A sign of things to come. It’s going to be an interesting budget. Yesterday’s announcement of the early end of the solar hot water rebate scheme is an indication of that. Stand by for many more screams of outrage as the struggle to achieve a budget surplus is unveiled. It is not going to be an easy environment for Labor to increase its electoral support. So stand by as well, dare I write it, for the next round of leadership speculation.

End the pretty pictures. It’s hard to disagree with the sentiments Brisbane’s Courier-Mail expressed on its front page this morning that Queenslanders deserve a better election campaign than the photo opportunities being served up to them. 

 

Says the page one editorial:

In less than four weeks, Queenslanders will vote in an election that shapes as our most important in more than 20 years. And it seems Premier Anna Bligh and Campbell Newman, the man who wants her job, are happy for voters to cast their ballots without a decent discussion on the state’s future.

In the first 10 days of the campaign, Ms Bligh and Mr Newman have criss-crossed the state for a once-over-lightly debate on who should lead Queensland into the decade that will set up our century.

Ms Bligh has been fishing in the Gulf, sweated through a fitness class and taken fun videos of travelling journalists.

Mr Newman has cleaned graffiti from walls, driven a tractor through canefields and sorted through recycling products.

And they have avoided the issues that Queenslanders want discussed before the March 24 election.

From today, The Courier-Mail will start its own campaign to look deeper into the state’s most pressing issues. Today we examine the issues surrounding education.

We will get off Ms Bligh and Mr Newman’s secretive bus and plane trips and divert our journalists and photographers into more important coverage.

Queenslanders deserve an election campaign that gives them the time and material to make a decision for the state’s future.

If only the television would follow suit and stop attending photo opportunities. There is plenty not to like about the United States political system but at least they take it seriously with innumerable debates covering all the major issues.

Let them pay 75%. Going into an election campaign with a promise to put up income taxes is not the ordinary order of things but it is what French socialist presidential candidate Francois Hollande is doing. A future government led by him would tax incomes of more than a million euros a year at 75%. La Tribune reports that 20,000 to 30,000 tax households would be affected. The current maximum income tax rate in France is 40%.

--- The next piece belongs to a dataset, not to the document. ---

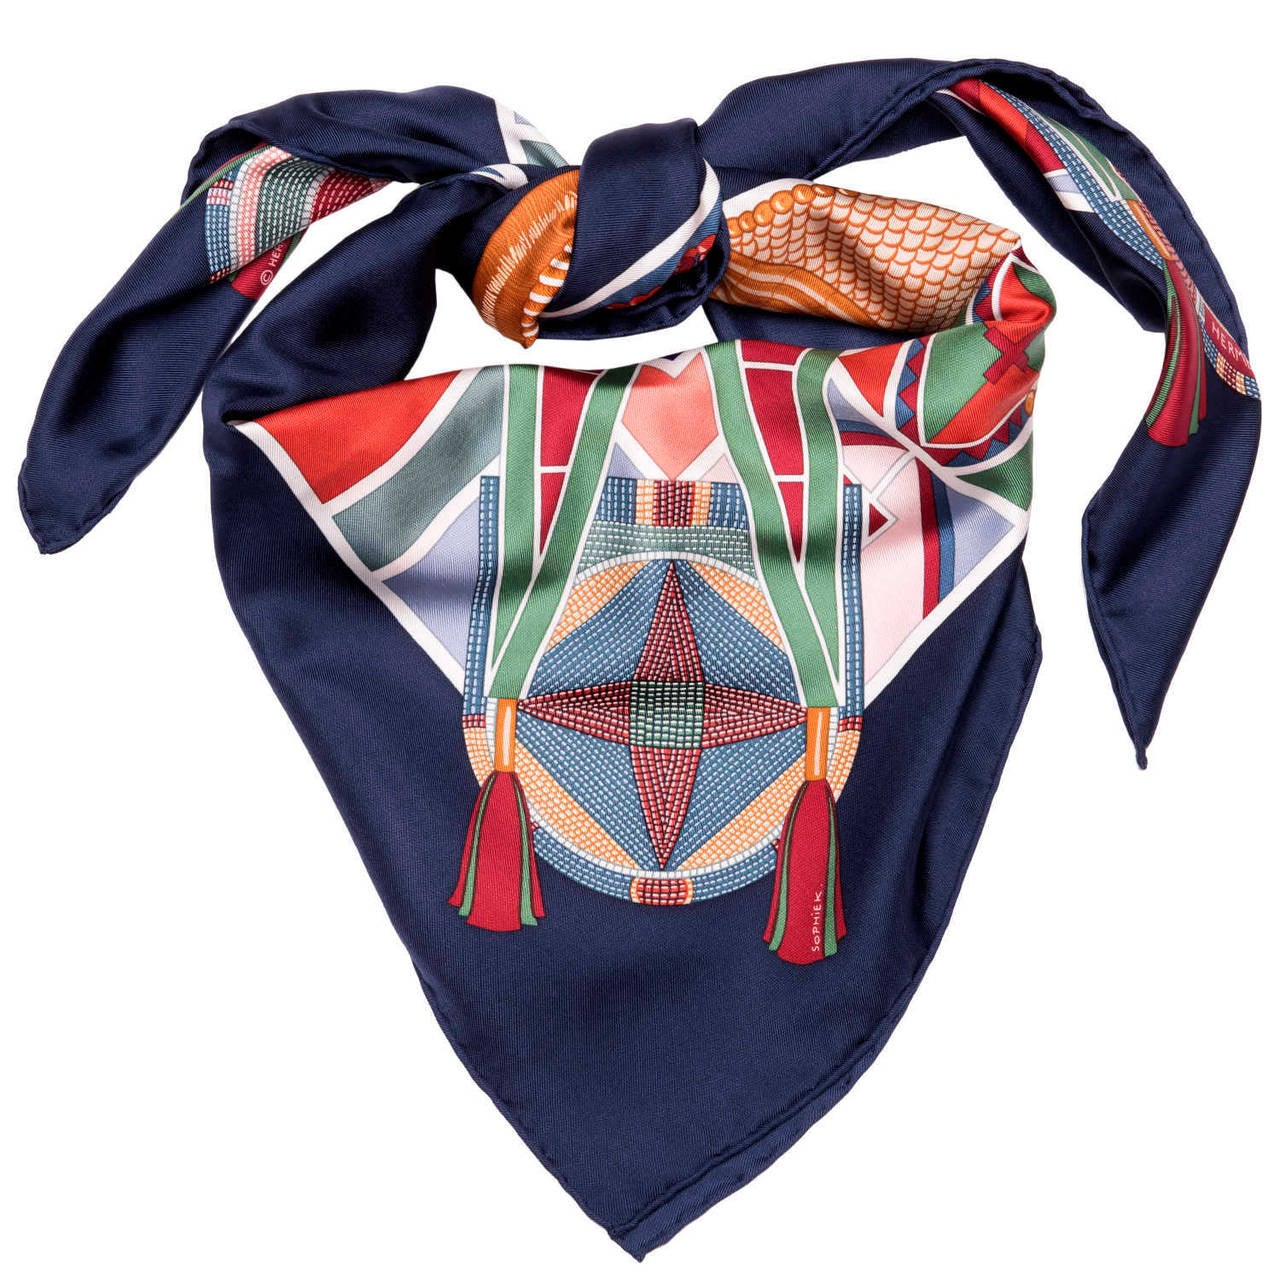  This Fabulous Hermes Silk scarf is in pristine 'strode-fresh' condition. 'L'Art Indien des Plaines', with it's strong American Indian History themes, was designed by Sophie Koechlin in 2004. With it's black border and multi-coloured ground, its a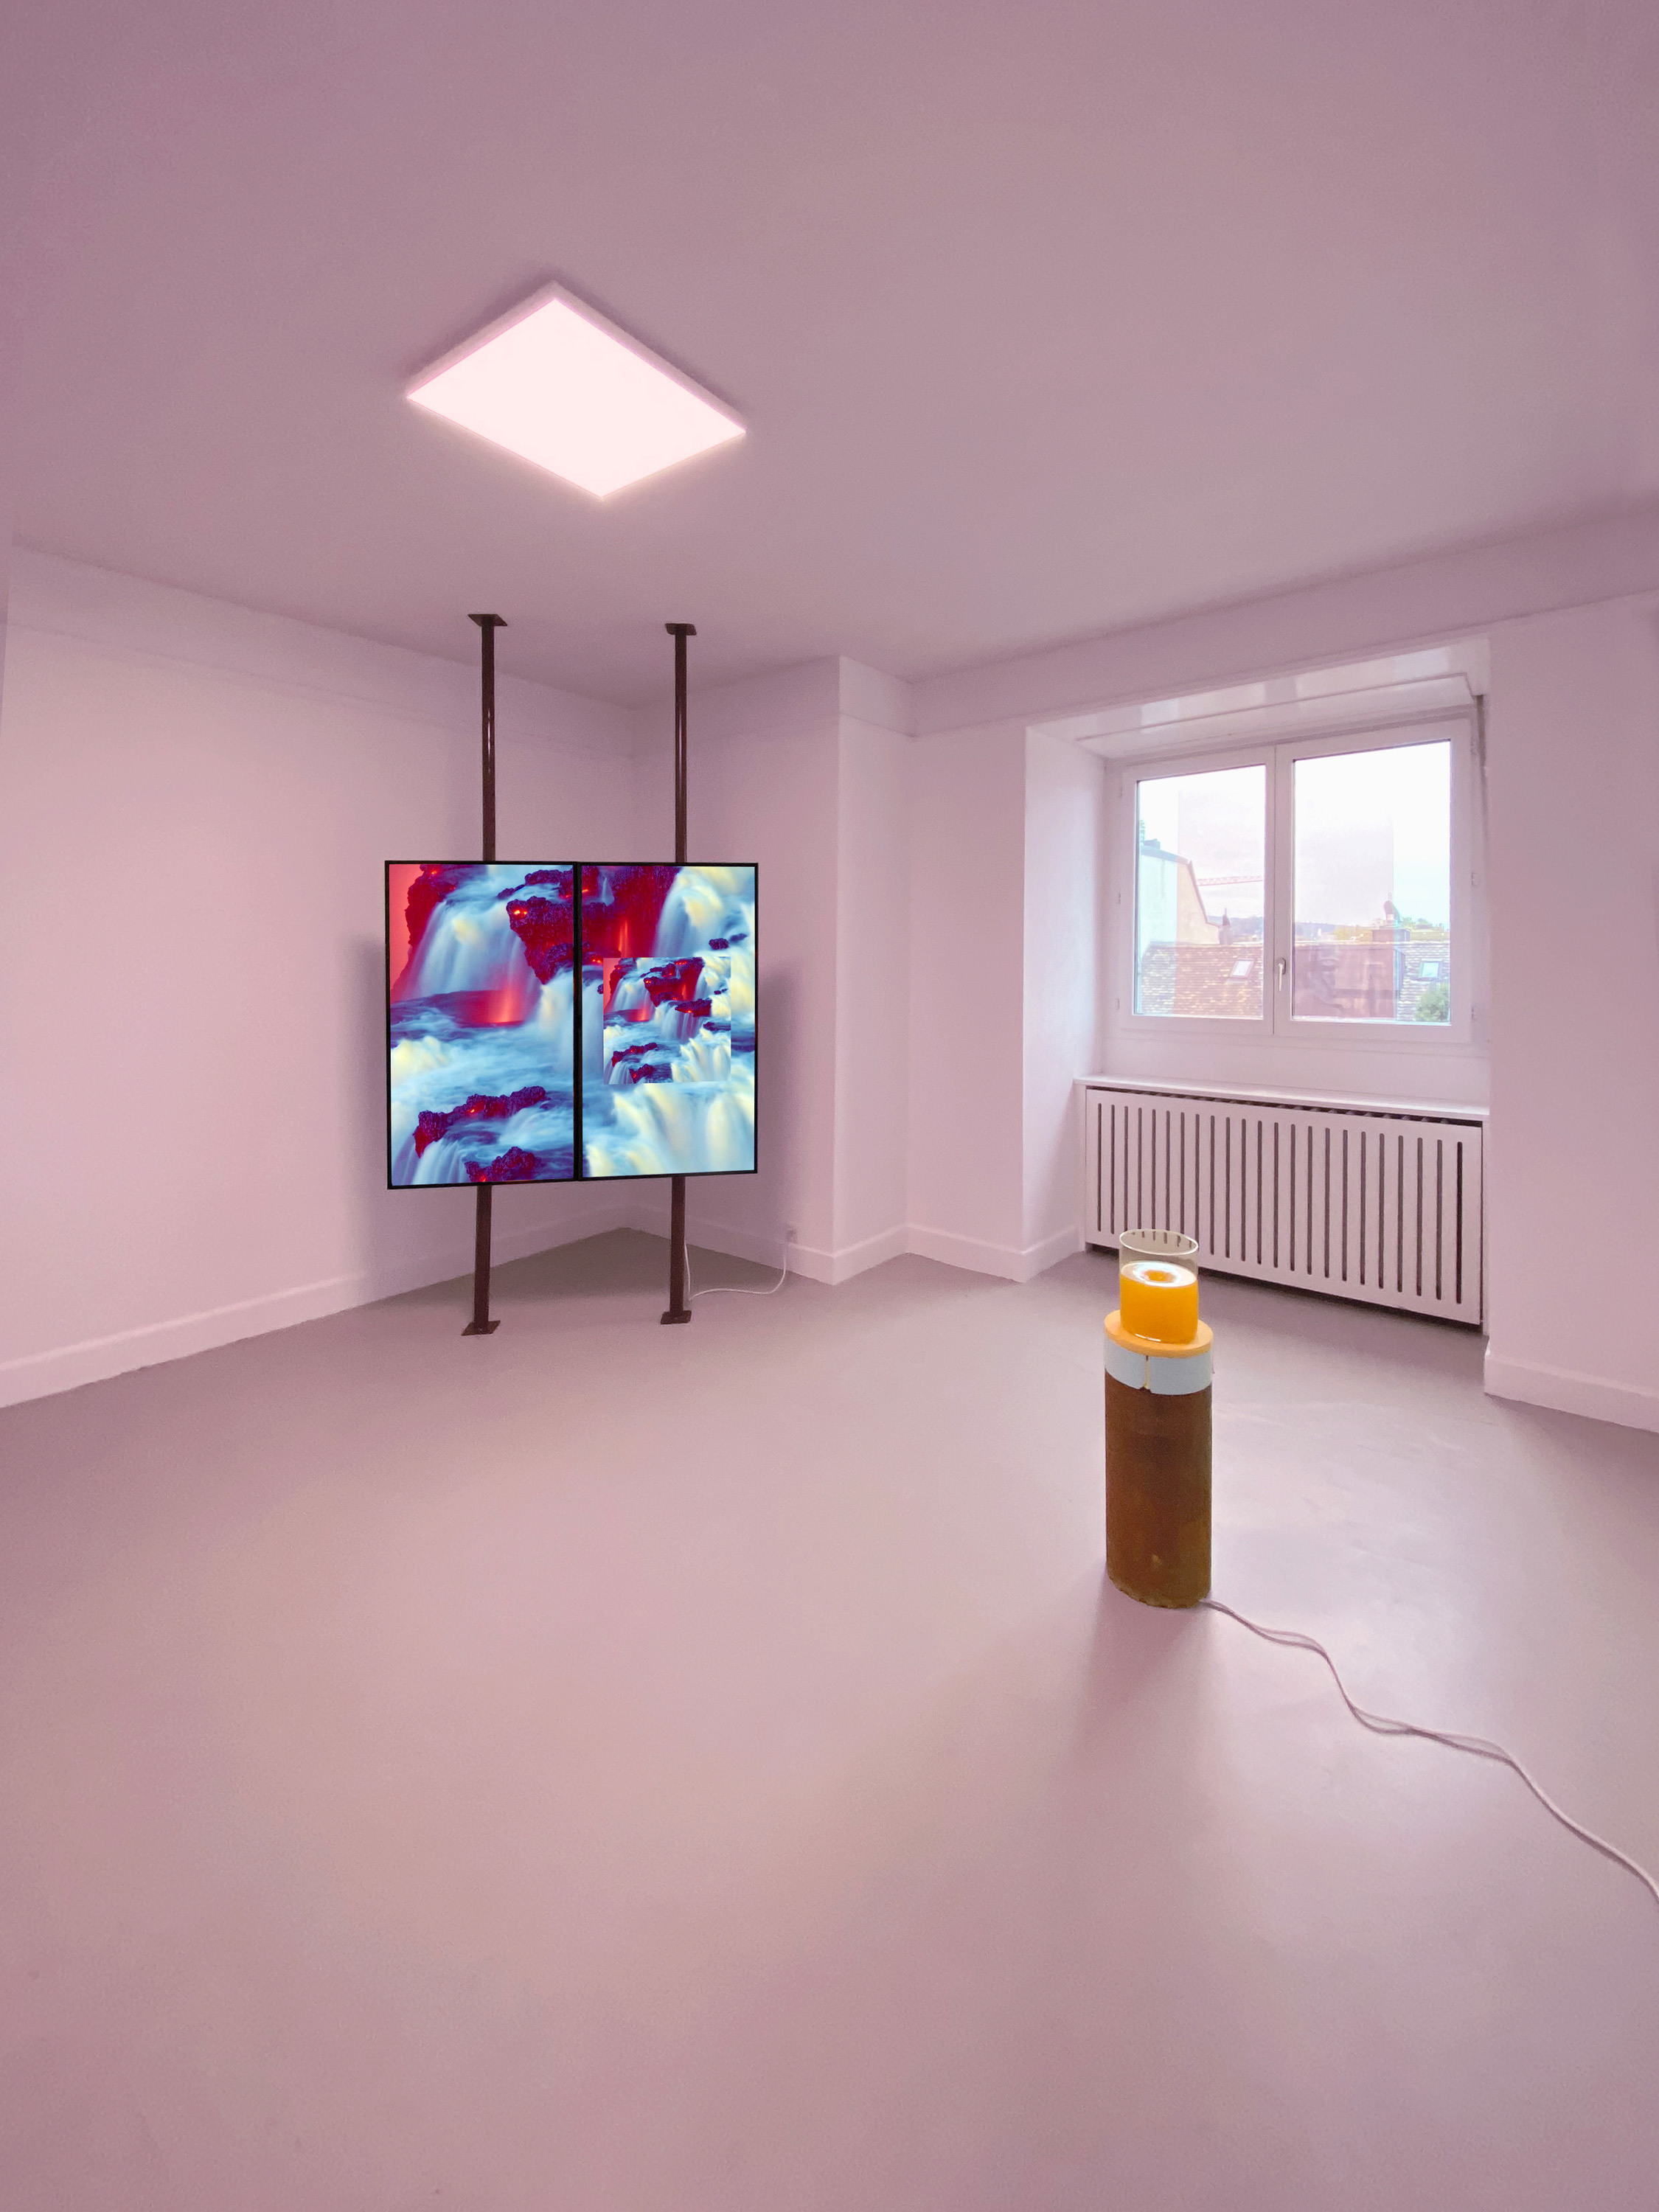 Susi Gelb: Loopzring, installation view at the Lighthouse Zurich

A third Bush. Just a little follow up to yesterday’s reference to the talk that none of the four present Republican presidential candidates might obtain a majority of votes before the nominating convention, which would leave the way open for the selection of someone else. I notice that Jeb Bush, the other brother and former Florida governor, has entered the betting lists as the fifth man and given about the same chance of victory as Newt Gingrich.

An inconvenient dash of democracy. Solving the economic problems of Europe became more complicated yesterday when the Irish government decided that it had to actually act like a democracy. The country is to hold a referendum on the latest proposed amendments to the European Union treaty and the vote will in practice end up being a verdict on the policies of austerity the EU has imposed on the country. Combined with the April election of a new government in Greece there are now two votes that have the potential to disrupt the best laid plans of the European governing elite that clearly regards giving the people a say as a terrible nuisance.